*** EXERCISE MATERIAL Section Begins ***
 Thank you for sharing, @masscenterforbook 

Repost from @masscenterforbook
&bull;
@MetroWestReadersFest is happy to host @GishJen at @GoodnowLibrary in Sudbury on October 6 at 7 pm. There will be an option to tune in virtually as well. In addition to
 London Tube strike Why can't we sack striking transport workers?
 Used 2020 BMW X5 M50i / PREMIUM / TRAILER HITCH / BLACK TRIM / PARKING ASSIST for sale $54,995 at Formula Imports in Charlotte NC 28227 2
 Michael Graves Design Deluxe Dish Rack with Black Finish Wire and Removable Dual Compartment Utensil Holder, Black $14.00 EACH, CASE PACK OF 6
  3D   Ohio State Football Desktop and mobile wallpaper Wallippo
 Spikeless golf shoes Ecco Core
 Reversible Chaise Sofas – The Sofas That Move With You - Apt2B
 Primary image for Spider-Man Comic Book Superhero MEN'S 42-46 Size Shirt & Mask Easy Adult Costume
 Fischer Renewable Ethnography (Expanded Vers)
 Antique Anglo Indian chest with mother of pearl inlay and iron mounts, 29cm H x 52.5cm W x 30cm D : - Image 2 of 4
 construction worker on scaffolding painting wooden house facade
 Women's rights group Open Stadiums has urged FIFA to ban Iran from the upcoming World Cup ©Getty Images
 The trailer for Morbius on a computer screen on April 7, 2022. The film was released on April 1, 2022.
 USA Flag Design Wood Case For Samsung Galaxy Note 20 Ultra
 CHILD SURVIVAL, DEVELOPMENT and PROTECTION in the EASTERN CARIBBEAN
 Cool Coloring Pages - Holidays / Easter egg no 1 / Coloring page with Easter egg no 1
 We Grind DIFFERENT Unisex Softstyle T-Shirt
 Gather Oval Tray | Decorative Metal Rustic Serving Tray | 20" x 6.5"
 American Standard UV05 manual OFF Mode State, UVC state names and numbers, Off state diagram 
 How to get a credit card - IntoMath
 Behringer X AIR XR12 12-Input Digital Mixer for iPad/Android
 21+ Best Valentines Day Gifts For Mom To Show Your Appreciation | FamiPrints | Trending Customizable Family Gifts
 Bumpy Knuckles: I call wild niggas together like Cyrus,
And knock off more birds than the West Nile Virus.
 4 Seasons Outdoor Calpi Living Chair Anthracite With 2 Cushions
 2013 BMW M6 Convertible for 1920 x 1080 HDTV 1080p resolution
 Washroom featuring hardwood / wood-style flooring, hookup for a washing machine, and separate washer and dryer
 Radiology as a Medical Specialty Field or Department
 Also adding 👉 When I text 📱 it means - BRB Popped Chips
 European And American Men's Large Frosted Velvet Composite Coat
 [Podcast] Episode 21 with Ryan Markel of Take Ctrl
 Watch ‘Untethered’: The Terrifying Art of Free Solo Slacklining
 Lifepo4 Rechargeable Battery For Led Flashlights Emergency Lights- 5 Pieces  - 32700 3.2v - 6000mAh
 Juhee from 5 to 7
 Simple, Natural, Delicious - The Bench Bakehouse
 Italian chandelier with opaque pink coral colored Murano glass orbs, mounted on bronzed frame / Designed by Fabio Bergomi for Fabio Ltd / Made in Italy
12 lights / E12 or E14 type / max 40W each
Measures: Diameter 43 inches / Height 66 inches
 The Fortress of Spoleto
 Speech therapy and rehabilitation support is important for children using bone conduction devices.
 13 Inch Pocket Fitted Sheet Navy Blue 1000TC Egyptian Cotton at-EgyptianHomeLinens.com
*** EXERCISE MATERIAL Section Ends ***
EXERCISE DIRECTIONS: Whenever "Shirt" shows up in a line of the listing, copy that whole line.

REPLY TO THE EXERCISE:
 Primary image for Spider-Man Comic Book Superhero MEN'S 42-46 Size Shirt & Mask Easy Adult Costume
 We Grind DIFFERENT Unisex Softstyle T-Shirt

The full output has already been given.